[HN Gopher] YouTube: "Older Unlisted videos will be made Private...
___________________________________________________________________
YouTube: "Older Unlisted videos will be made Private unless you opt
out"
Author : tech234a
Score : 108 points
Date : 2021-06-23 21:09 UTC (1 hours ago)
(HTM) web link (support.google.com)
(TXT) w3m dump (support.google.com)
| judge2020 wrote:
| So the reasoning makes it sound like there was potentially an
| exploit that made it easy to find unlisted videos? Were the video
| IDs deterministic perhaps?
| carl_dr wrote:
| Maybe their old scheme, when divided by the number of videos,
| was getting to the point where it was feasible you could brute
| force finding unlisted videos.
|
| The old scheme had 7.3 x 10^19 ids (11 chars, base 64, thanks
| Tom Scott!). Suspiciously close to the max value of a 64-bit
| int, hmmm ...
|
| Assume a billion videos and you're down to 10^10 - a one in a
| 10 billion chance isn't much chance, but it's far from secure.
|
| (I'm ignoring the fact that only a small %age of videos are
| unlisted I guess, but I think the point still stands.)
| quantumofalpha wrote:
| Yes, exactly. Video ID is just a base64'ed DES-encrypted
| primary int64 video key from MySQL. It used to be sequentially
| incremented until at some point they switched to randomly
| generated primary keys. Any (ex-) engineer who snapped a copy
| of the key (it used to sit right in the code for anyone to see)
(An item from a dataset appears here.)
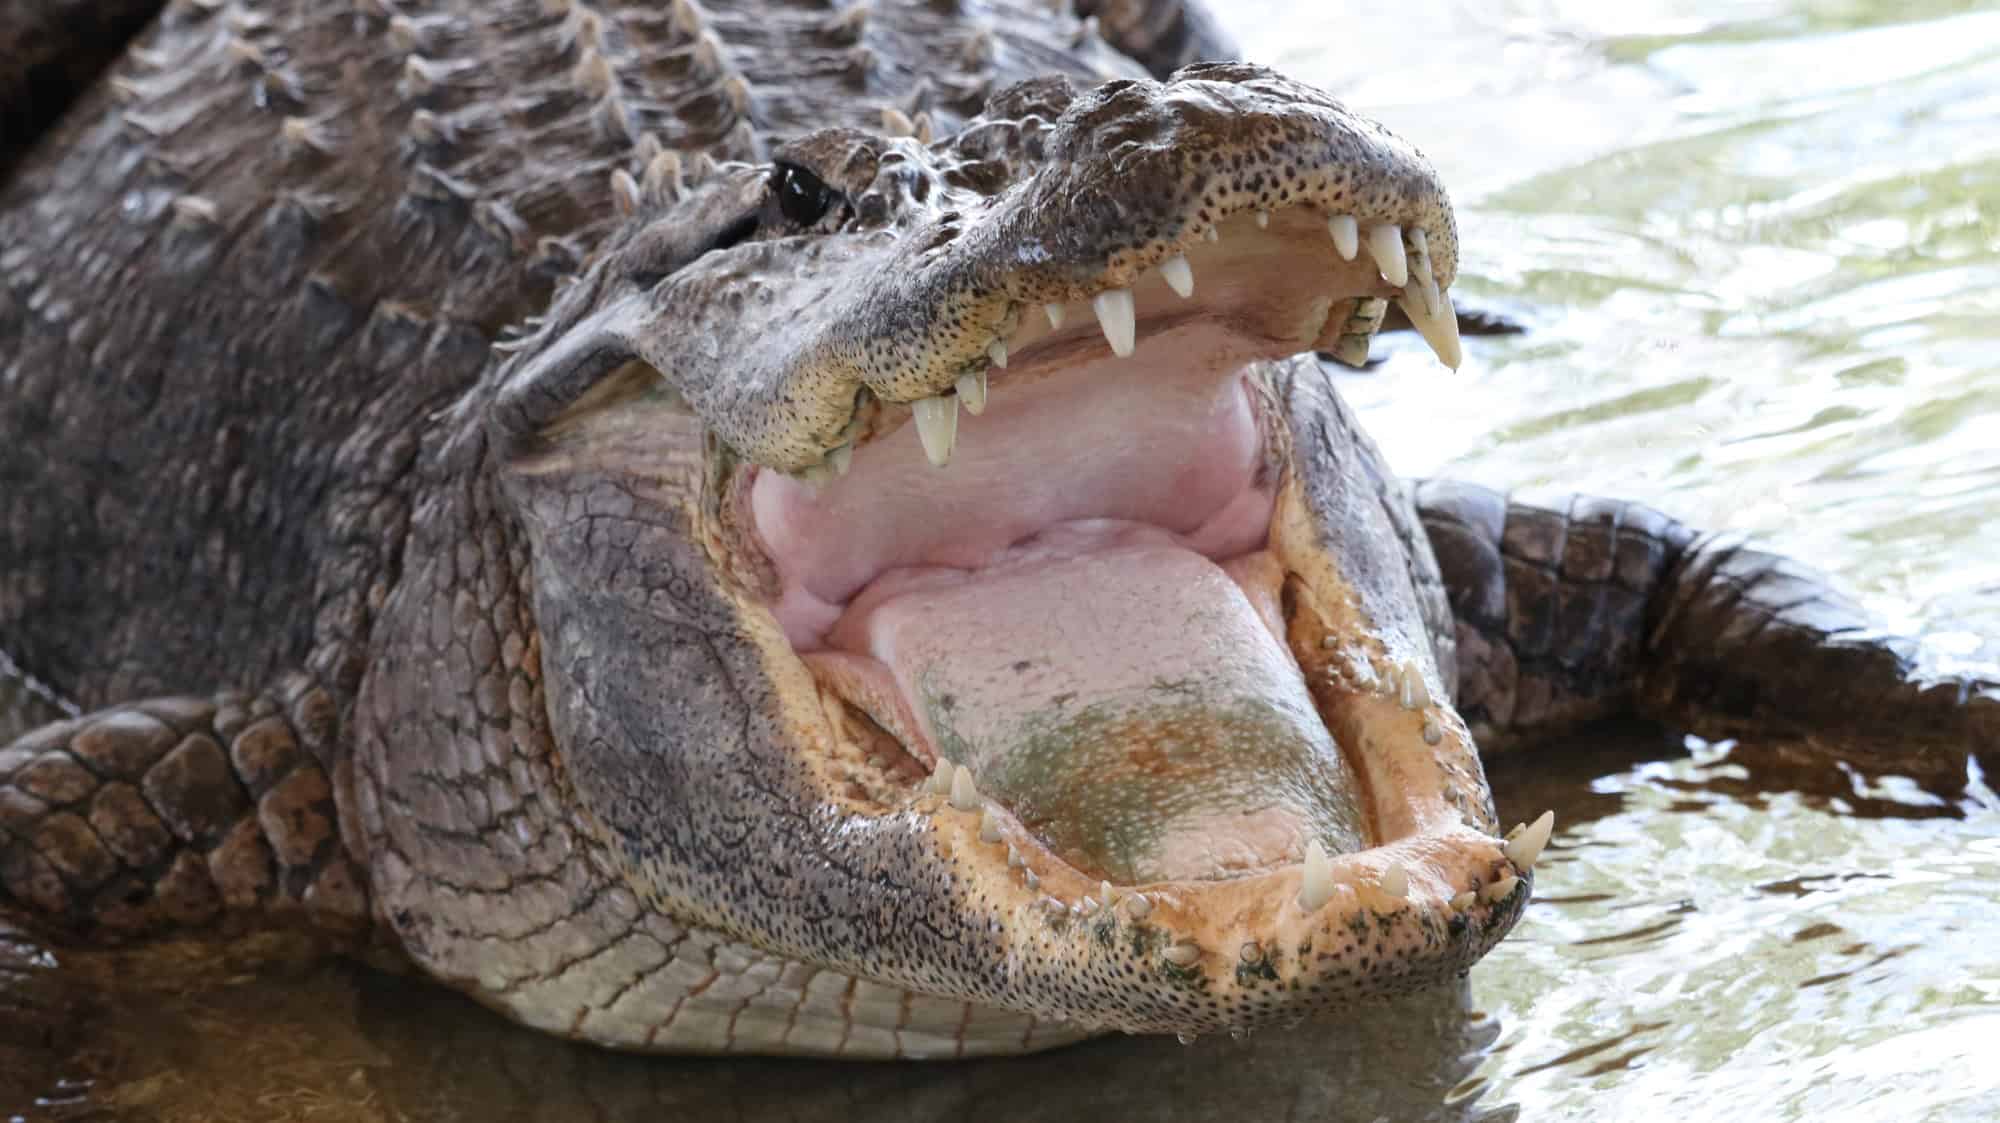 An large alligator look up the see if there are any food ready, with the sharp teeth via DepostiPhotos
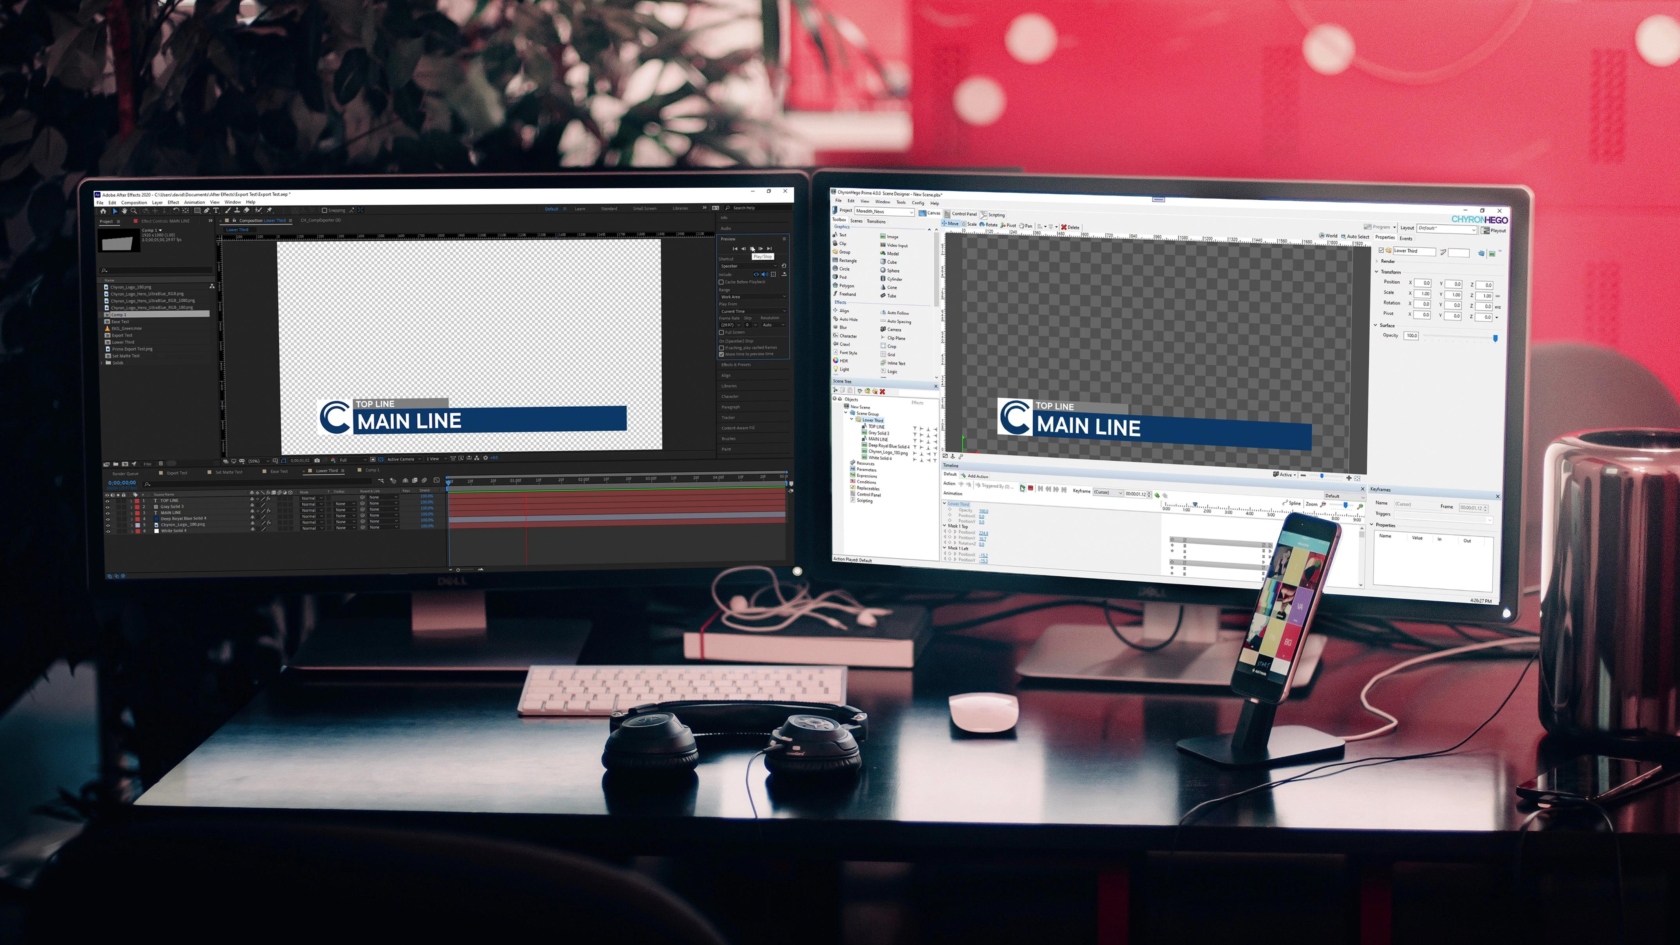 PRIME CG's motion graphic broadcast software offers timelines, a spline editor, and a full set of effects, available for keyframing for any LED studio set for live production.

| can enumerate all videos from YT until that moment, including
| unlisted - which are only protected by secrecy of that one key.
| If the key leaks, then also anyone in the world can. That's
| what they are afraid of here. Source: worked for YT.
| ktm8 wrote:
| Just for curiosity, how would YT deal with ID collision ?
|
| Edit: Before the scheme change I mean
| root_axis wrote:
| Try again? Just a guess.
| remram wrote:
| Probably they just roll again. You can even implement that
| in a stored procedure.
| Animats wrote:
| I need to move some of my early technical videos to Vimeo now. I
| never connected my pre-Google YouTube account to Google, and so I
| can't do anything with them. It's been over a year since I logged
| into Google, anyway.
| contingencies wrote:
| Please share the URL! I always appreciate your hardware
| comments and would love to see what you've shared in video
| format.
| throwawaysea wrote:
| A related frustration for me is when I have random videos in my
| "watch later" list replaced with a gray square and a note saying
| the video is no longer unavailable or has been made private.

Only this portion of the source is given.